— YOUR OBJECTIVE —
Leaving the pictures aside, transcribe the data below exactly.

— SUPPLIED INFORMATION —
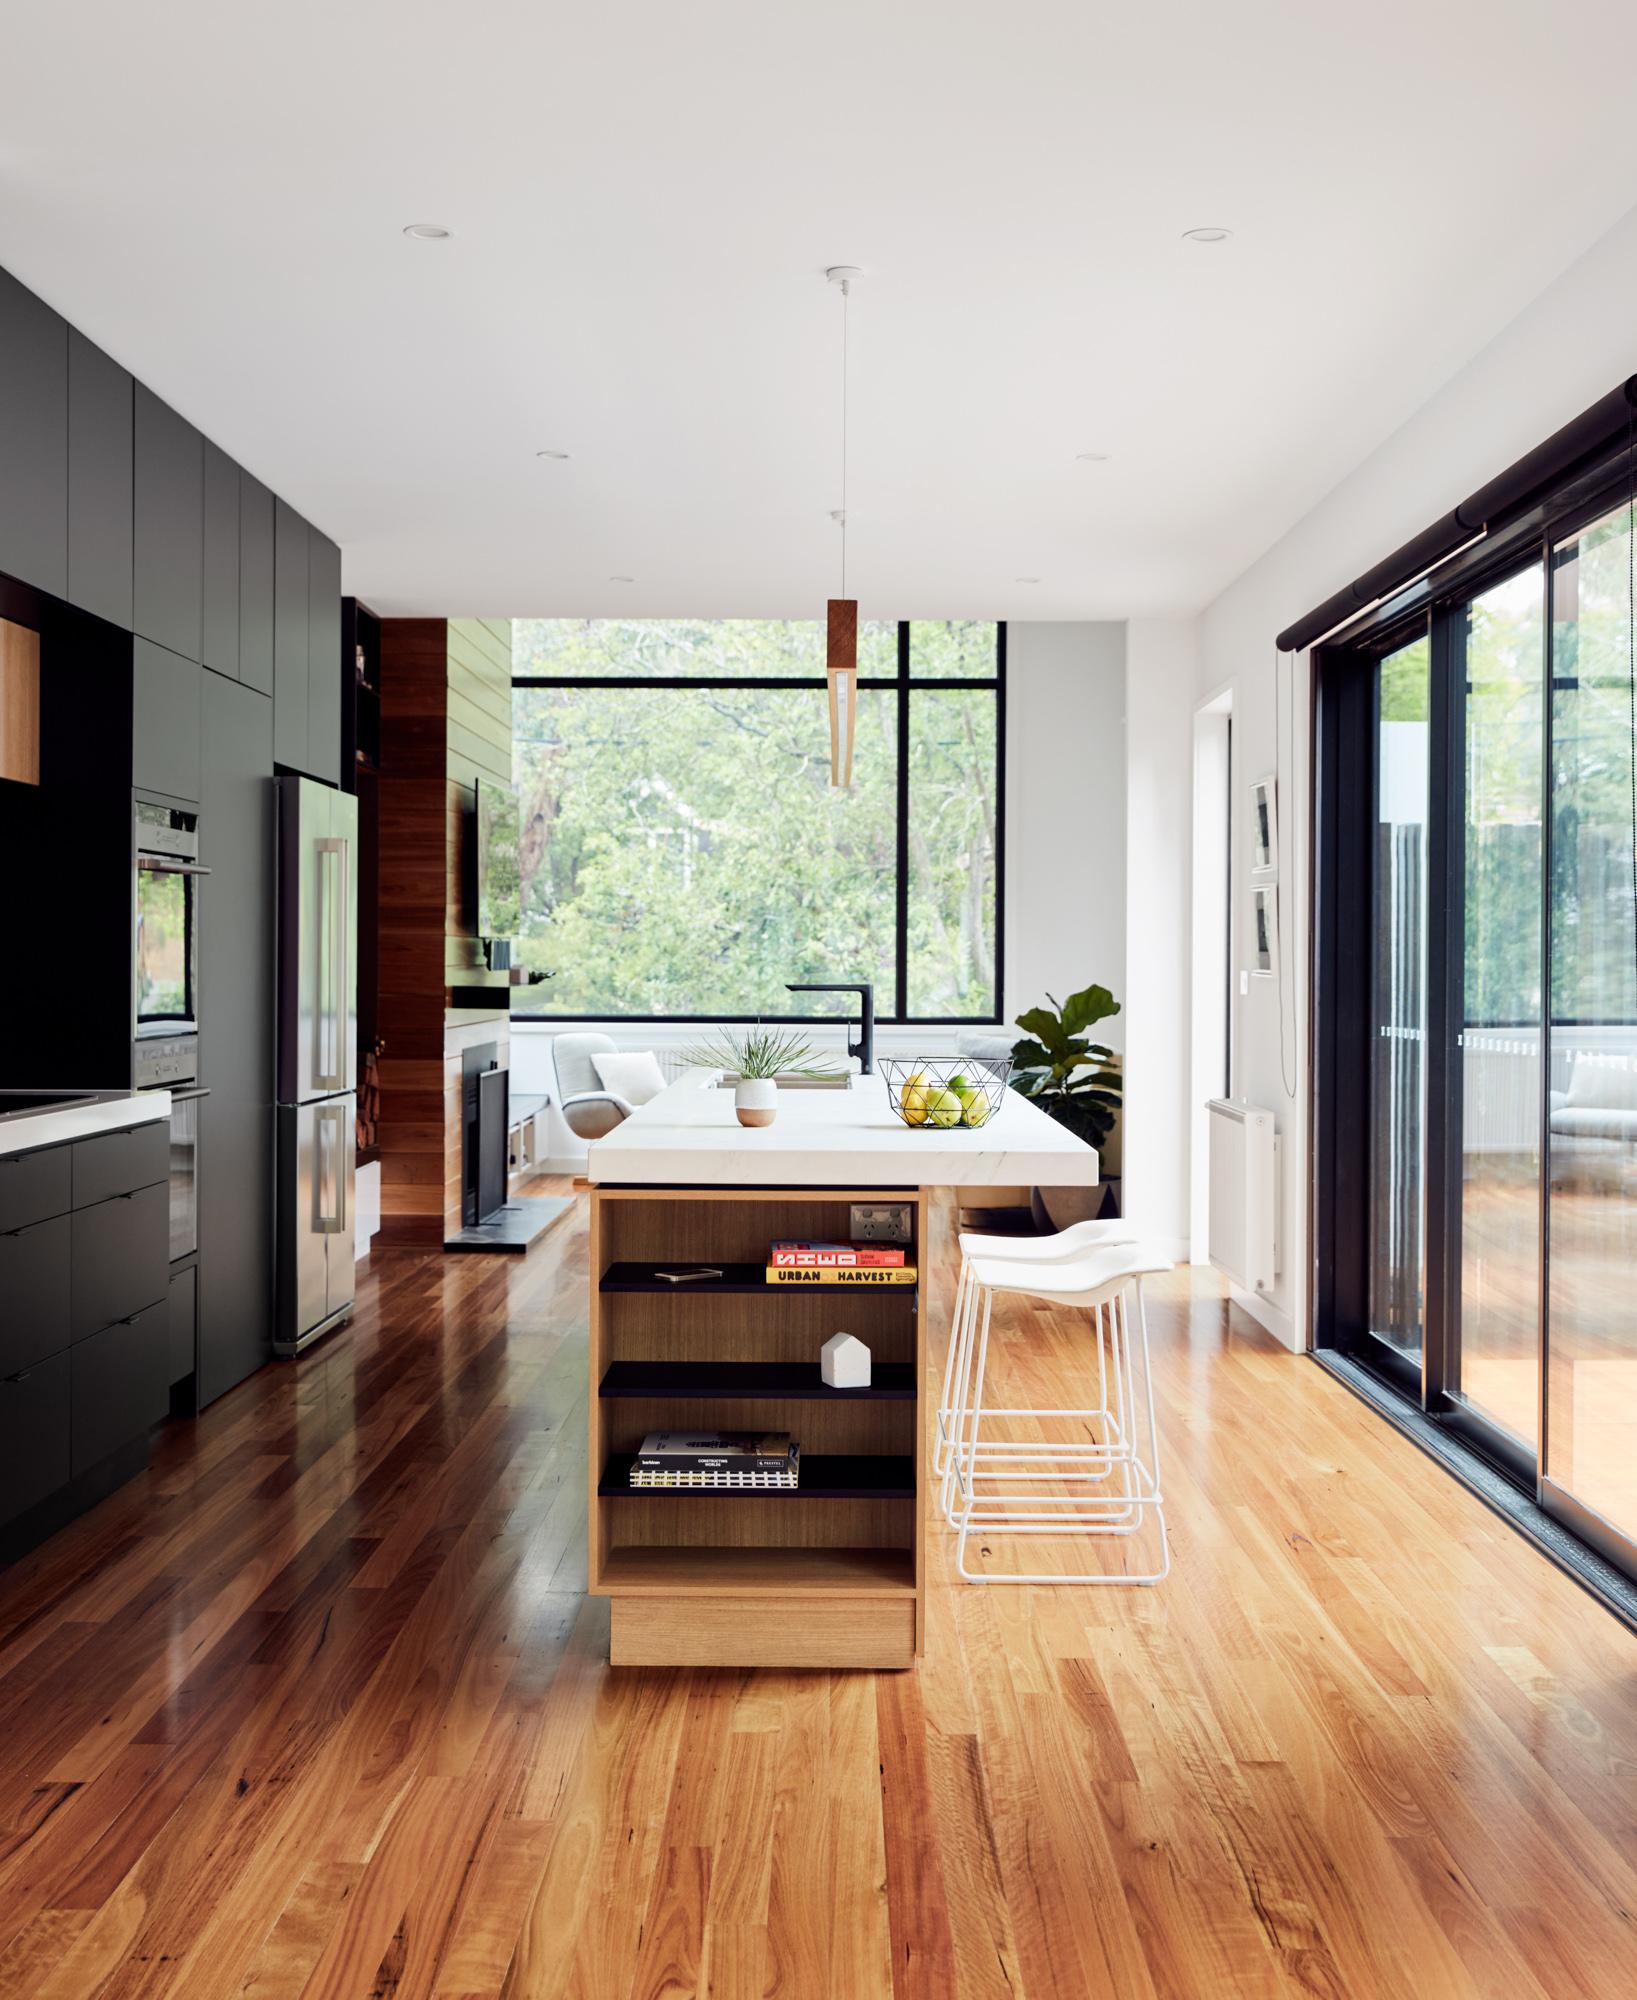 Gallery Of Blackburn House By Archiblox Local Australian Architecture & Design Blackburn, Vic Image 3
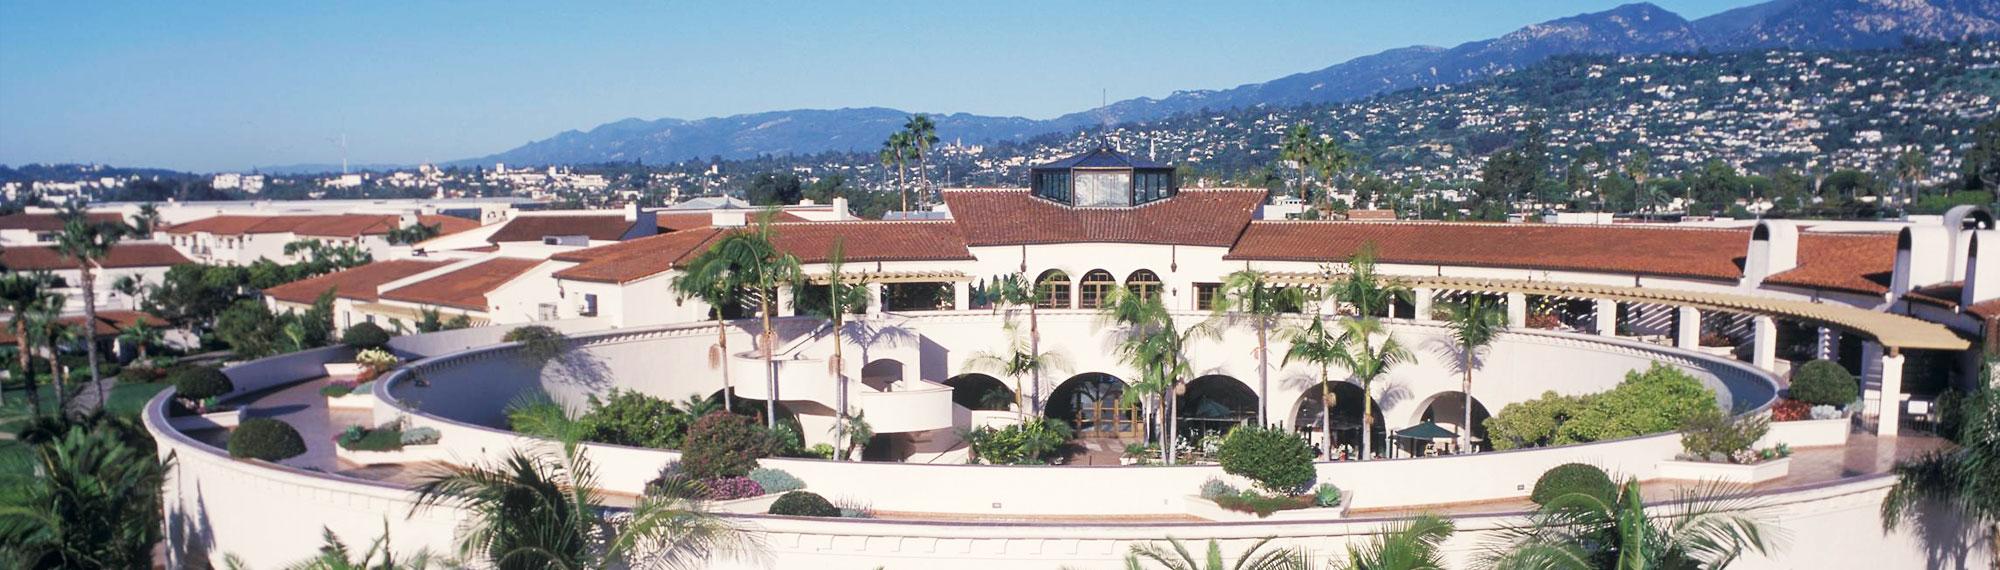 2016 Santa Barbara Business Expo
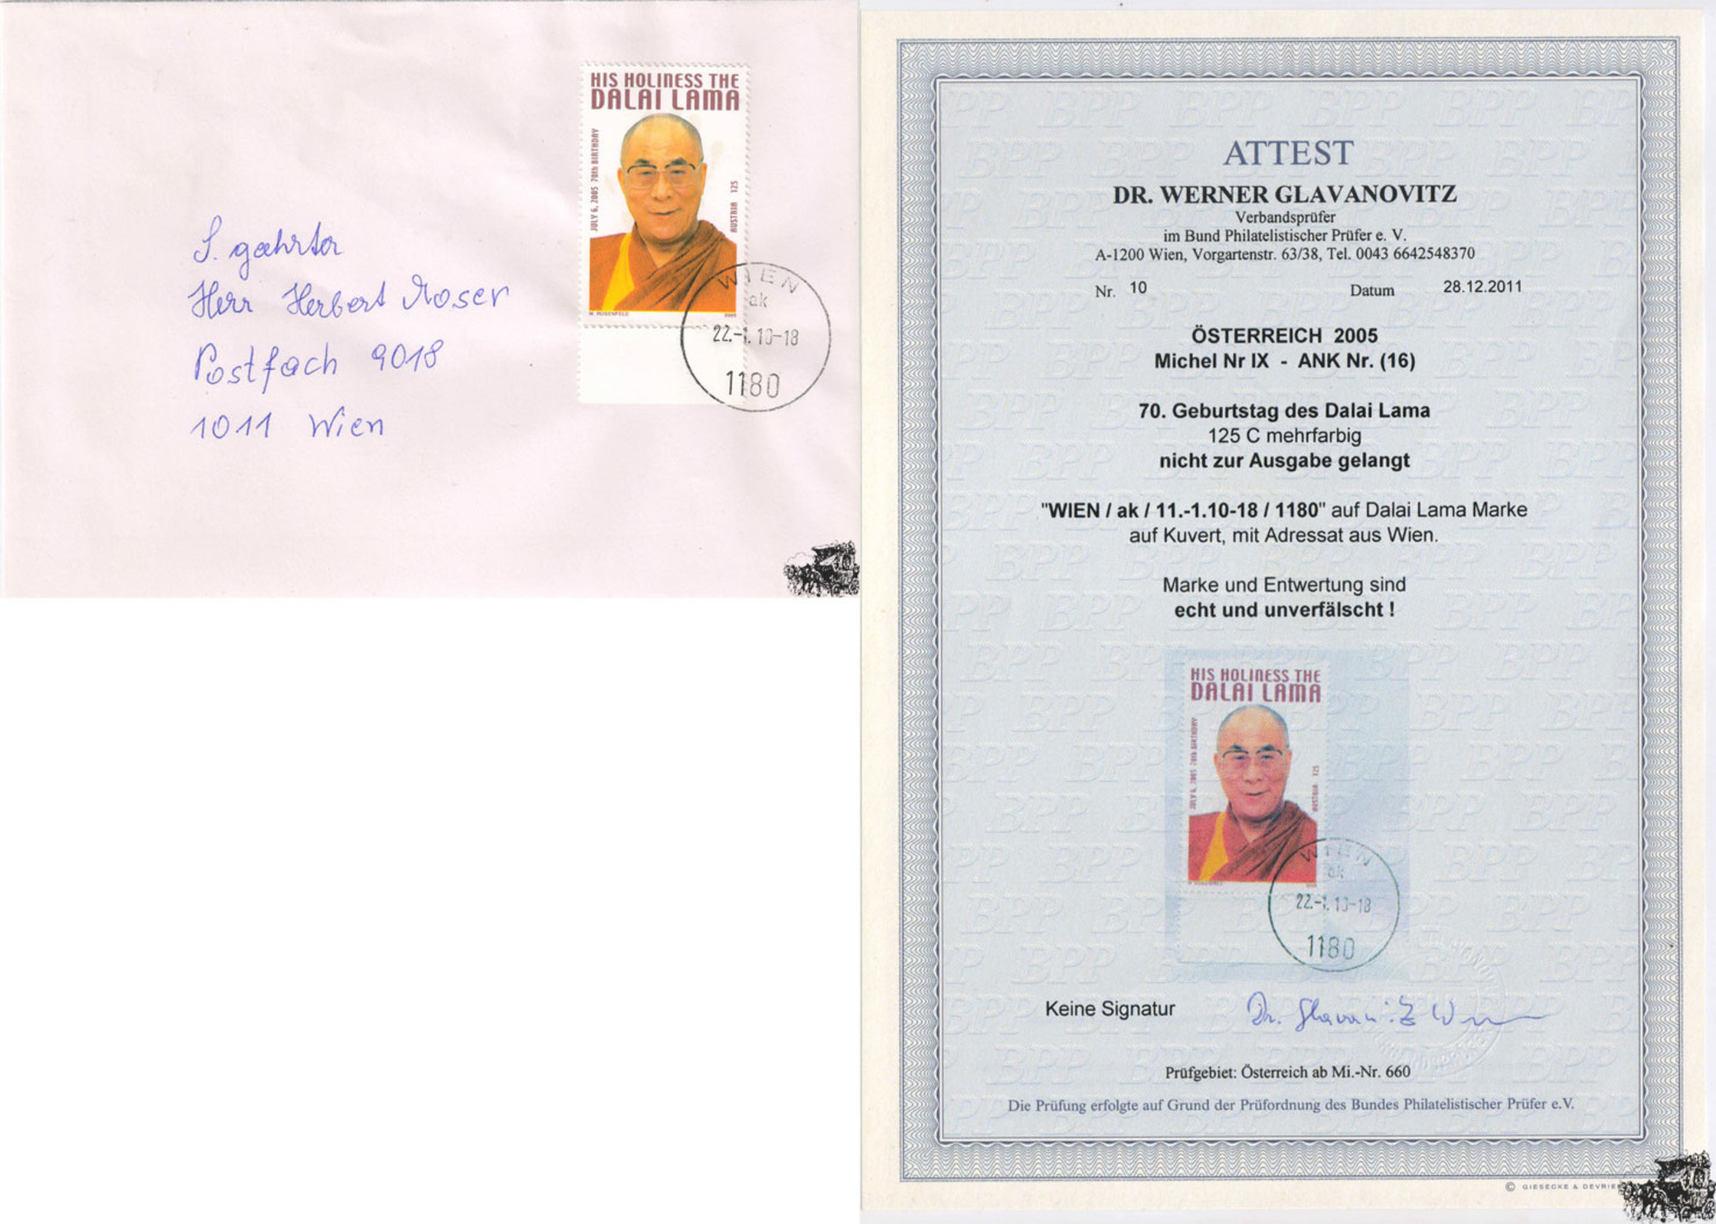 österreich 2005 Brief 125 Dalai Lama Nicht Verausgabte Ma Shops
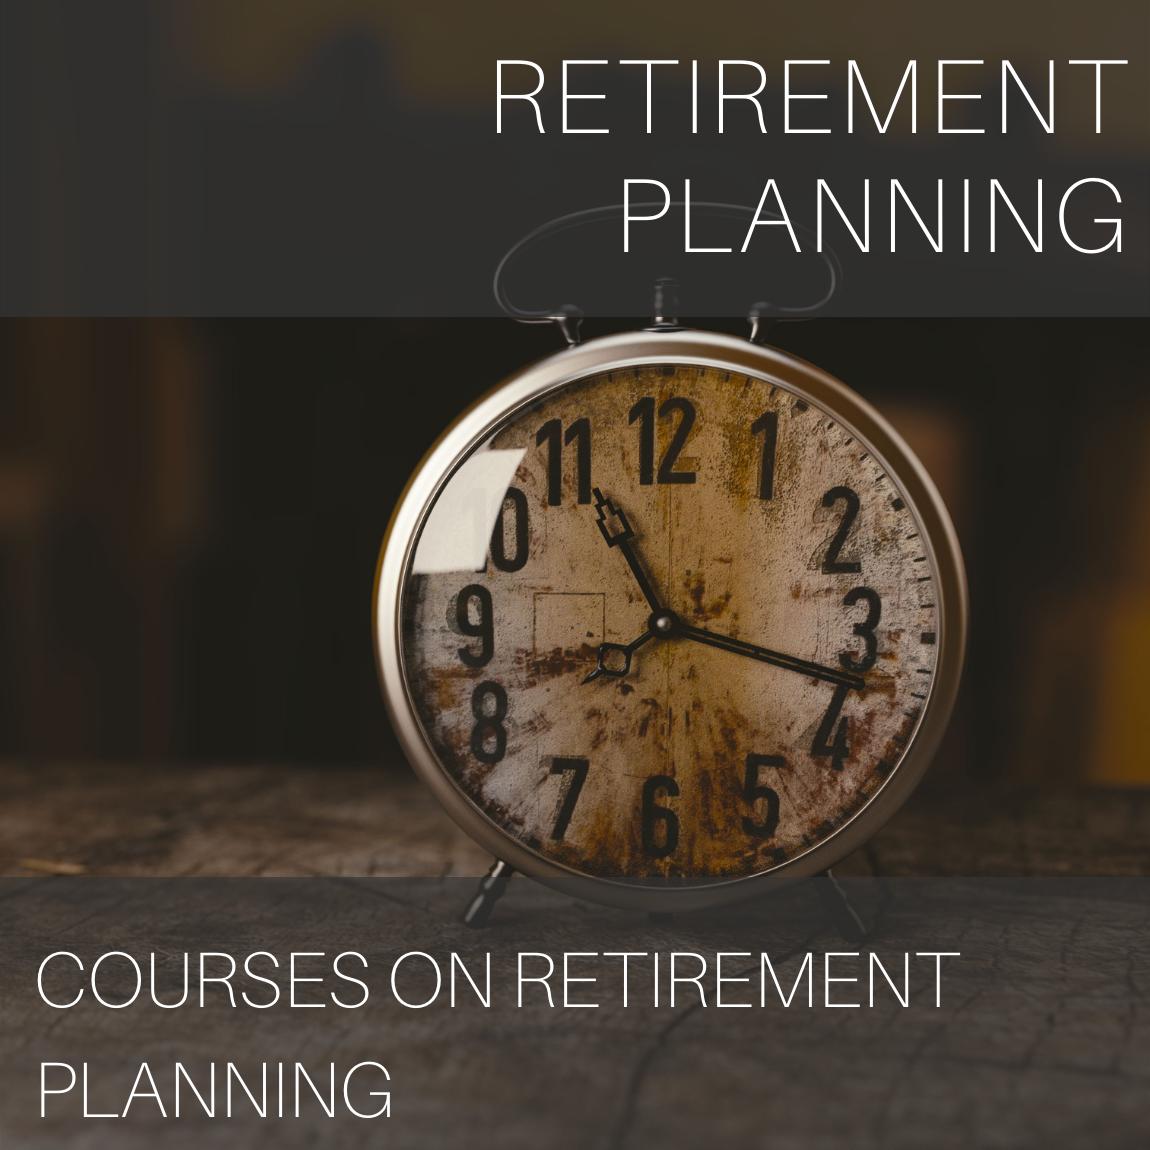 Retirement squarebanner 031821

— REPLY —
 Gallery Of Blackburn House By Archiblox Local Australian Architecture & Design Blackburn, Vic Image 3
 2016 Santa Barbara Business Expo
 österreich 2005 Brief 125 Dalai Lama Nicht Verausgabte Ma Shops
 Retirement squarebanner 031821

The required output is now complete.